My husband makes these, we all love them. You didn't mention that if they are green they need to be fried twice, flatten in the middle of cooking. Good with garlic & salt. We also slice them in circles. When very over ripe the sugars come out and caramelize. Great for breakfast.
It is very important to use very ripe plantains for this one. These aren't tostones (fried green plantains). These are called "amarillos". Heather's picture adequately demonstrates this recipe, the other picture is showing fried green plantains, they are different. Amarillos turn out sweet, not crunchy and darker in color when compared to green. I like to use plantains with yellow and black skins or all black. You can eat them by themselves or sometimes I like to sprinkle grated parmesan on top.
Wow, there is so much confusion around plantains. I was looking up recipes to post pictures and a lot of people have them mixed up. I grew up with them, so lets see if I can help a bit. Ok, there is only 1 kind of plantain but there are 3 colors, depending on its age. Order is green, yellow, then black. Green is for TOSTONES, or light gold pieces that are cut into rounds, fried, mashed and fried again. They're salty. Personally I like to throw on some minced garlic on top out of a jar with some juice and a sprinkle of salt. Some people go for garlic powder instead. Then you have PLATANOS MADUROS, or ripe plantains that are used to make this sugary version. The color to make these is when your plantain is BLACK. The riper the plantain, the sweeter it is and that's the trick. It should be slightly mushy to the touch. The best way to tell if its good to fry is if, once peeled, its still got a tan color, not brown or black. In my family, we cut these at an angle. These are perfectly sweet as is, so I don't add anything extra. The last is yellow. These are usually not hard enough for tostones, and definitely not soft enough for platanos maduros so some people chop them up and boil them to eat either in or along with soups. They don't taste that good boiled so its not so popular. If it were me, I'd wait til it goes black and make these yummy sugary ones. Hope this helps!

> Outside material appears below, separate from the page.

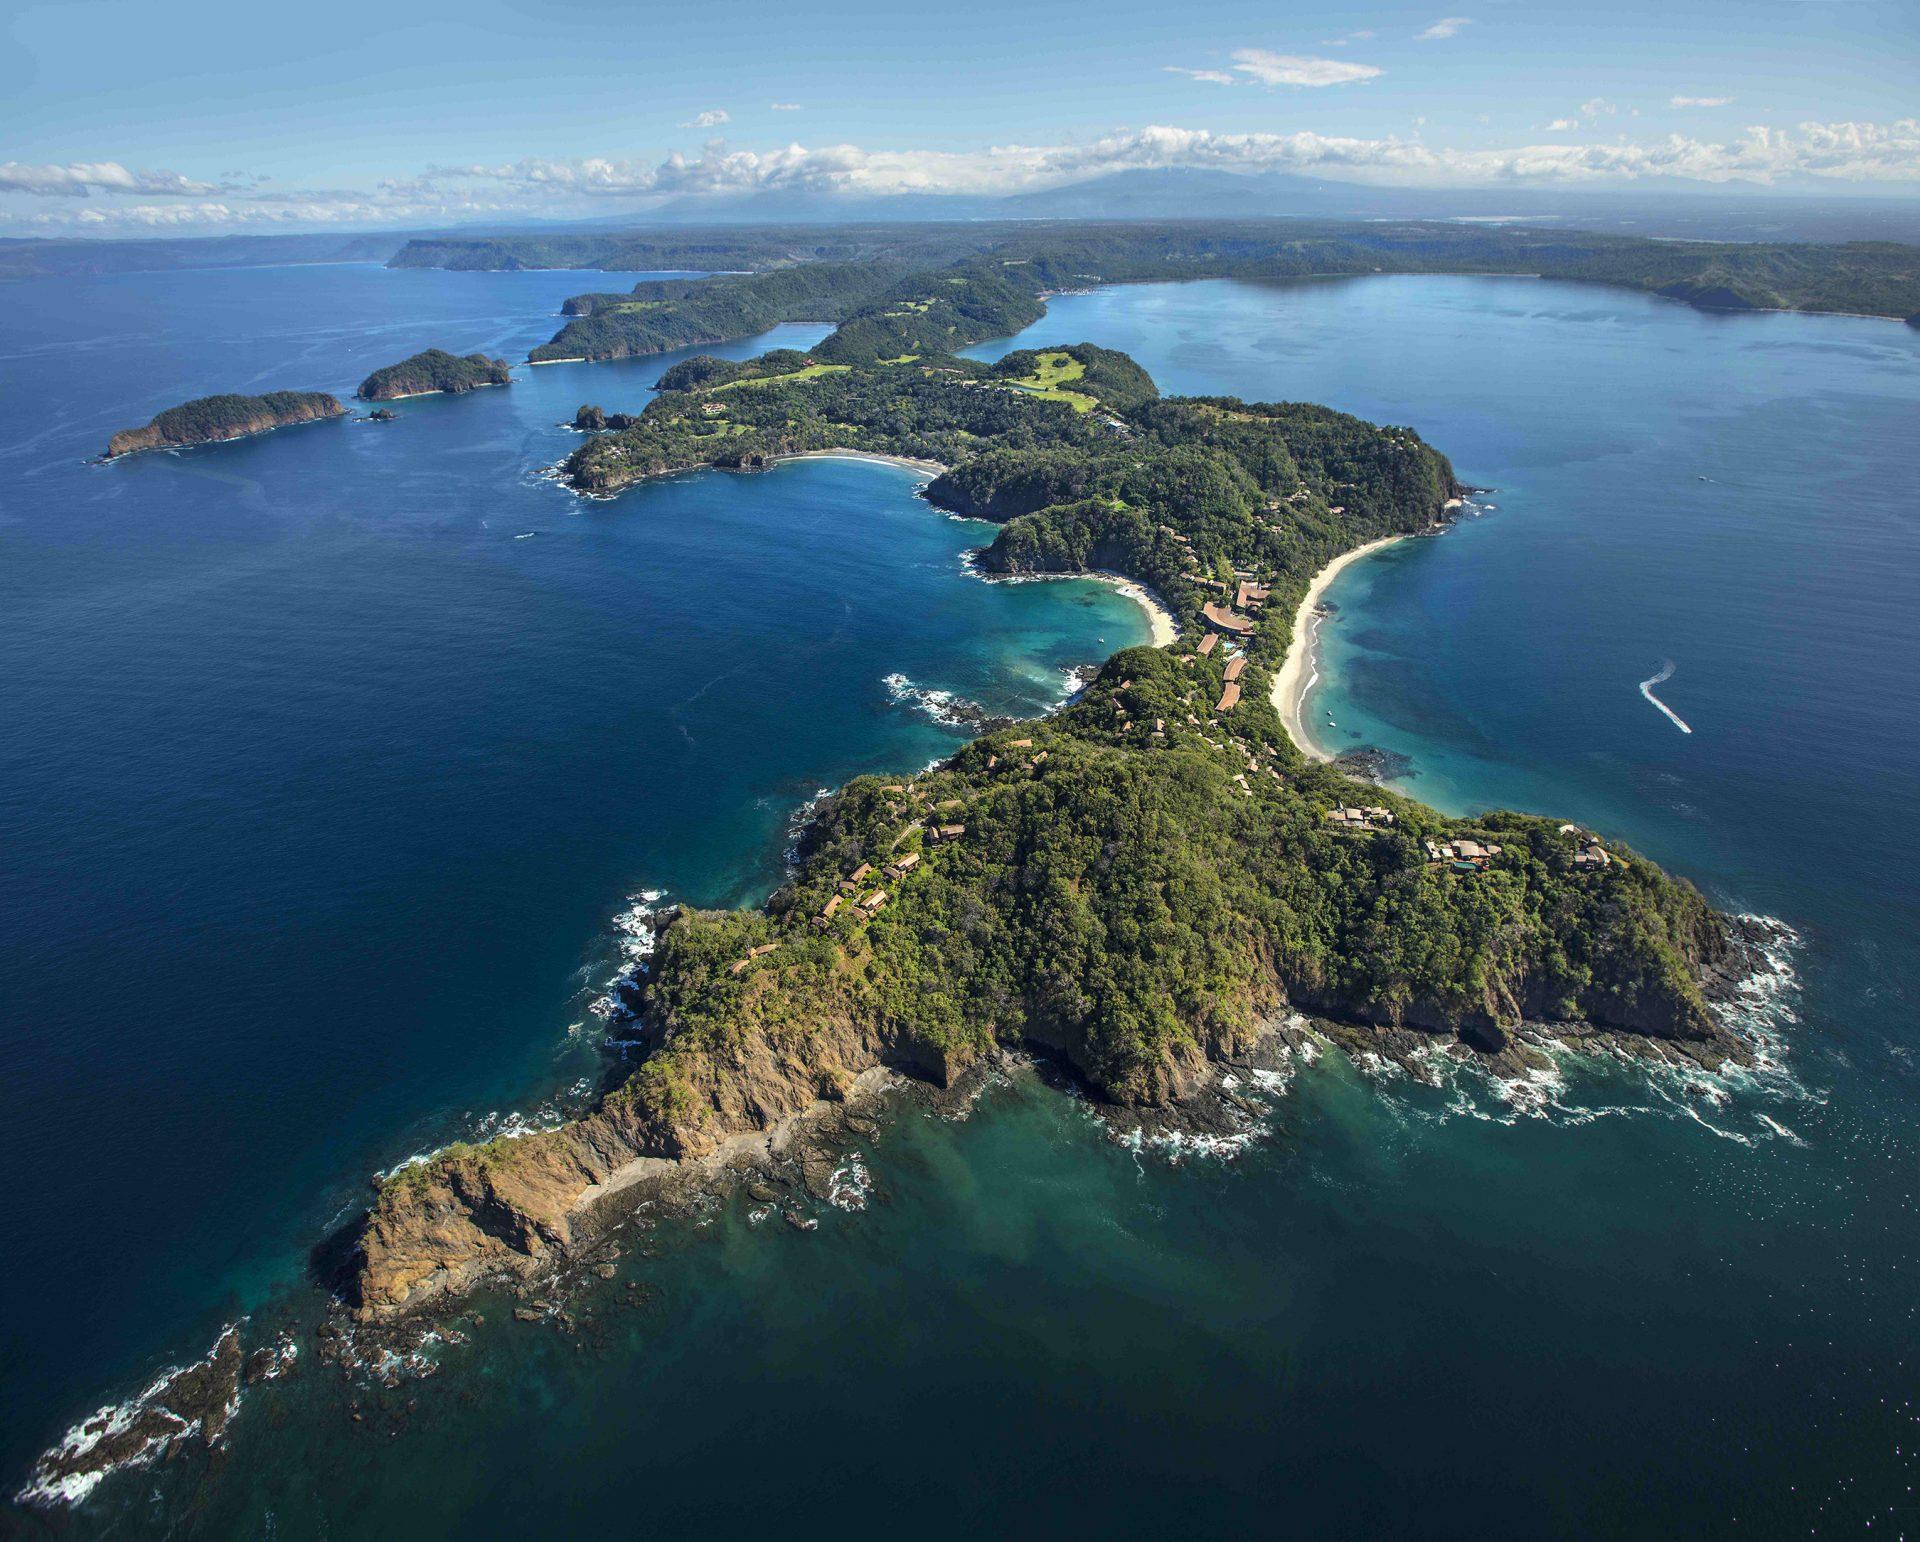 $35m 're-imagination' for Four Seasons Resort Costa Rica

A dear friend from Tennessee introduced my family to fried plantains years ago. We slice them into thin rounds and using a cast-iron skillet fry them up with just a few Tablespoons each of oil and butter. Seasoned with salt, garlic, and a squeeze of fresh lime juice, they make for a great side to a variety of Caribbean and Latin-themed meals. For an addictive snack try adding a sprinkling of chili power or cayenne along with the other spices.
Fried Plantains, or "Platanitos Fritos" as they are called, are a traditional side dish in Peru as well as in many parts of South America. Why not serve yours like the Peruvians do, with a juicy steak and a generous portion of rice topped with two sunny-side-up eggs. The meal, called "Bistec a lo Pobre", offers a delicious combination of sweet and salty flavors.
I find that plantains that have turned mostly black are perfect for frying. Yum!
Great! My mother and grandmother have been making these for years! Another way to cook them is with some mozzerella cheese melted on top. (baked in the oven.)
a note- these are NOT the green plantians that someone else mentioned in their review. Those are DIFFERENT. These are the yellow plantains and they should be overly ripe.
* Percent Daily Values are based on a 2,000 calorie diet.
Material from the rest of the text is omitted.